Back to the 1k, they move me and ahhh, it was awesome.... (that's sarcasm) because they sent me to Bert Ladner, Carwash (Mike Schneider out of Georgia who just seems to dominate events like this), and November Niner John Dolan's table (remember him?  the guy in the hoodie up there).  Even worse there was this maniac to my left that they were all slobbering looking at with a ton of chips.  I didn't want to be in their predatory gaze by accident.  The guy would give all those chips away and promptly get them back in the (thankfully) short time I was there.  He was fond of 3betting and c-betting and triple barreling.  Don't know if he really understood anything about the game except for aggressiveness but sometimes that's all it takes--just ask Pius Heinz.  We'll come back to this guy later.

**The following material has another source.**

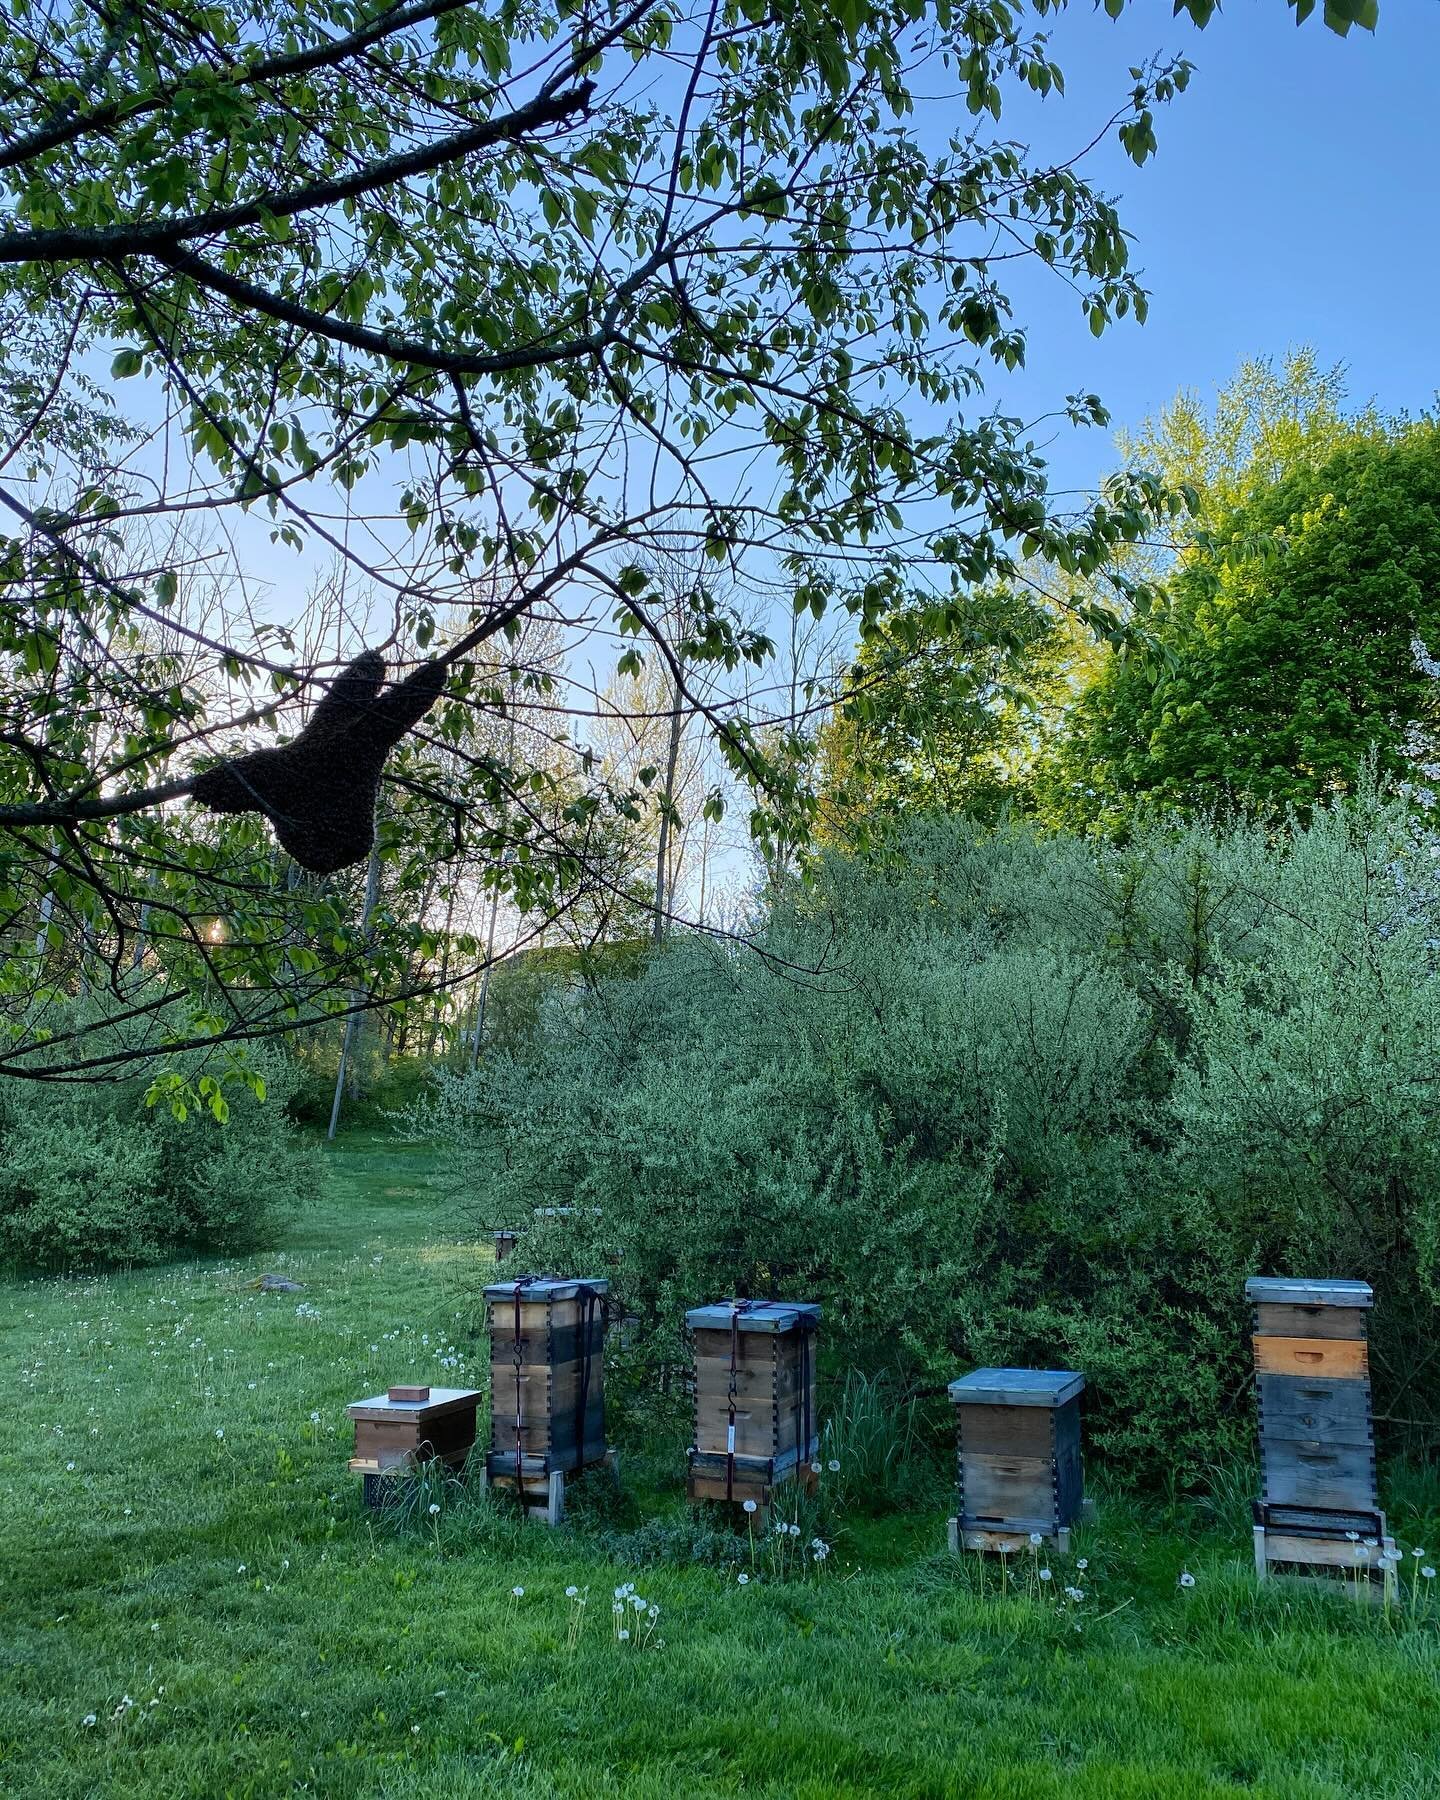 Another day, another swarm. 😝

#springtime #may #swarmseason #farmlife #sixdutchessfarm #honeybees #naturalbeekeeping #hudsonvalleyliving

I win a couple of pots including some against the big three all next to each other in one corner and I'm feeling comfortable again.  I executed a move at the first table that I duplicated at the second and now it's in my permanent arsenal for every table move I make.  It's a fun one but I'm not sharing it.

My big hand came at Bert's expense.  There was a limped pot in my big blind and I had 67 I believe.  The flop came A95 (or something like that).  Checked around.  Turn was bingo 8 ball.  I checked next guy checked.  Bert bet, I called, first guy... raised... Bert called... shove time baby.  First guy folded maybe AK.  Bert stewed forever and showed a set when he called.  Board didn't pair on the river and I was chipped up.

Then, the TD tapped me on the shoulder and told me they needed me to move to balance the table.  Oh yeah?  Me, leave the murderer's row in the corner, with the maniac on my left, yeah...  good luck everybody, oh and I more than doubled up as a parting gift, yeah... thanks.

Then the put me down on maybe... a worse table...

Comments

SpamBx392 said…
The best 4 days of 2011 so far. I like the new design of the blog.#finishstrong
Anonymous said…
Great post and great run. Congrats. Can't wait to hear more.
Anonymous said…
Appreciate the insight, liked what you were thinking during this and some of the outside issues you had to deal with, explaining about the 1K for example. Something I hope to have to do down the road.